FOR IMMEDIATE RELEASE
12 January 2024
Predator Oil & Gas Holdings Plc / Index: LSE / Epic: PRD / Sector: Oil & Gas
LEI 213800L7QXFURBFLDS54
Predator Oil & Gas Holdings Plc
("Predator" or the "Company" and together with its subsidiaries the "Group")
Operations update and 2024 forward work programme
Highlights
· Phase 1 Guercif rigless well testing scheduled to commence before 25 January
with Phase 2 using Sandjet scheduled for February/March
· Site visit to Cory Moruga scheduled for 22 - 26 January to begin planning for well workovers
· Cory Moruga Independent Technical Report gives P50 and P90 Contingent and Prospective gross recoverable resources of 14.31 and 21.41 million barrels respectively
· H1 2024 well workovers forecast to generate gross net operating profit of US$ 3.1 million in 12 months from H2 2024 to H1 2025
· Cory Moruga Field Development Plan for P90 Contingent and Prospective gross recoverable resources of 9.13 million barrels gives gross US$202.12 million undiscounted net operating profit (NPV@10% US$85.14 million with IRR 240.9%)
· Well planning for discretionary high impact Jurassic well commenced for April/May drilling
· Fully funded for all 2024 firm commitments
· Potential for gas monetisation and Cory Moruga production revenues to fund discretionary drilling
· Low corporate and operating overhead maintained despite increase in activity
Predator Oil & Gas Holdings Plc (LSE: PRD), the Jersey based Oil and Gas Company with near-term operations focussed on Morocco and Trinidad, is pleased to provide an operations update.
CORY MORUGA PRODUCTION LICENCE ONSHORE TRINIDAD
Further to the announcement of 7 November 2023 in respect of the acquisition of T-Rex Resources (Trinidad) Limited ("T-Rex"), the Company is publishing today an Independent
Technical Report ("ITR") by Scorpion Geoscience Ltd. for the Cory Moruga block and resource potential of the Snowcap Discovery.
Oil resources
Table 1 Unrisked Gross¹ Contingent and Prospective Oil-in-Place
and Recoverable Resources (million barrels oil)
Herrera Sand |
P90 |
P50 |
P10 |
Category |
# 8 in place |
4.57 |
5.94 |
7.54 |
Contingent |
# 8 recoverable |
1.04 |
1.40 |
1.84 |
Contingent |
Recovery Factor (%) |
22.75 |
23.57 |
24.4 |
|
# 1 to 7 in place |
35.03 |
54.9 |
81.71 |
Prospective |
# 1 to 7 recoverable |
8.09 |
12.91 |
19.57 |
Prospective |
Recovery Factor (%) |
23.09 |
23.51 |
23.95 |
|
¹ Discussions commenced to acquire, subject to regulatory consent, the remaining 16.2%
interest in Cory Moruga for an overriding royalty
Field size is indicated as being similar to the nearby mature producing oil fields at Moruga West and Inniss-Trinity. Production and reservoir data from these fields have been incorporated in assessing the primary recovery factors used for the generation of the resource figures shown in Table 1.

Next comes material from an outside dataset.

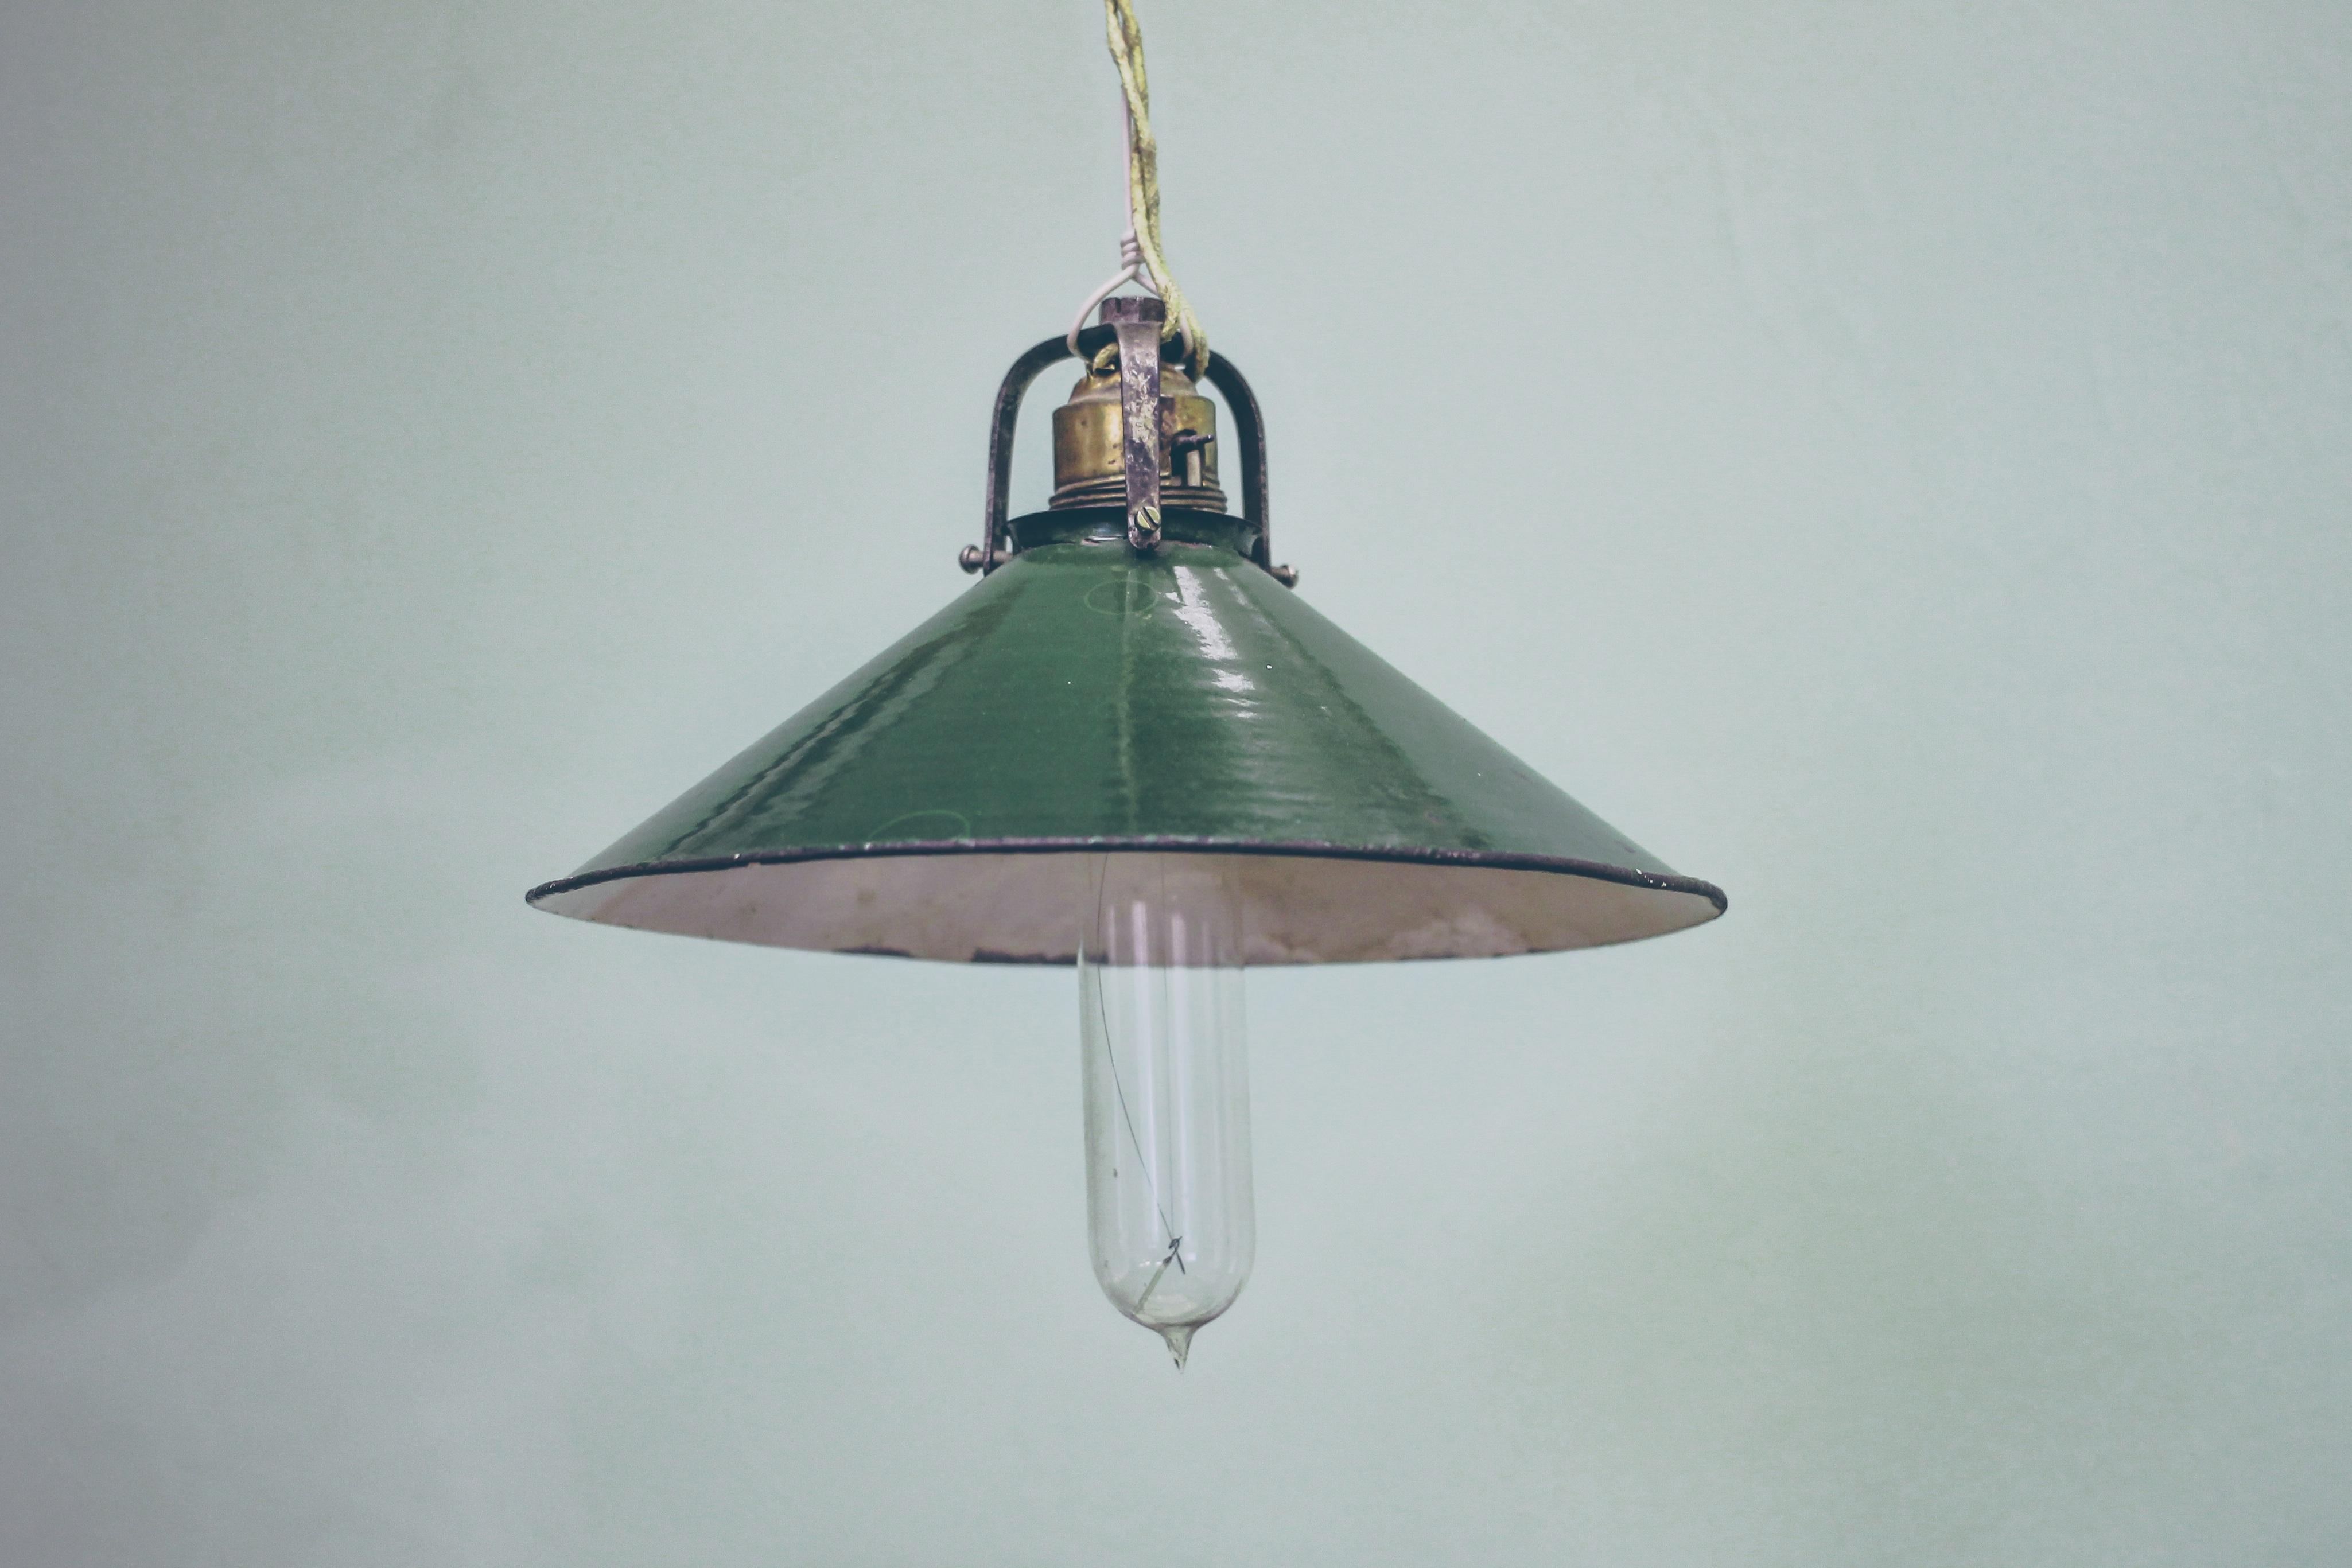 Free images ceiling bulb lamp lighting decor light fixture light ceiling bulb lamp lighting decor light fixture chandelier sconce arubaitofo Gallery

Wax suppression and pressure maintenance are seen as key aspects of ensuring longer term productivity and improved Expected Ultimate Recovery ("EUR"). Gas injection undertaken by BP in a single compartment of the Moruga West Field boosted EUR recovery by an additional 10% in 1963 but was abandoned due to a lack of gas. The ITR notes that a 30% recovery factor may be achievable given that Cory Moruga has a range of 5.67 to 13.8 BCF of associated gas available for reinjection over a scoping 15-year production life of the field modelled for the purpose of generating project economics.
Later in field life CO2 EOR could be considered to potentially boost EUR.
Geological risk in relation to the Prospective Resources are summarised as the chances of not encountering reservoir; encountering reservoir that is not saturated with oil; encountering reservoir from which oil will not flow to surface and is not producible.
Risks associated with the Herrera #8 Sand Contingent Resources relate to the continuity and producibility of oil in the context of tight borehole conditions, incomplete logging and limited well testing.
Flow assurance relies on effective treatment for wax suppression and the potential requirement for gravel-packed completions.
Uncertainty regarding future oil prices may also create commercial risks from time to time during field life.
Workovers of existing Snowcap-1 and Snowcap-2ST1 discovery wells
Management is making a site visit to Trinidad in the week of 22 January 2024 to meet with
local well services contractors and to identify workover rigs to prepare for implementing the
Snowcap-1 and Snowcap-2ST1 well re-entries.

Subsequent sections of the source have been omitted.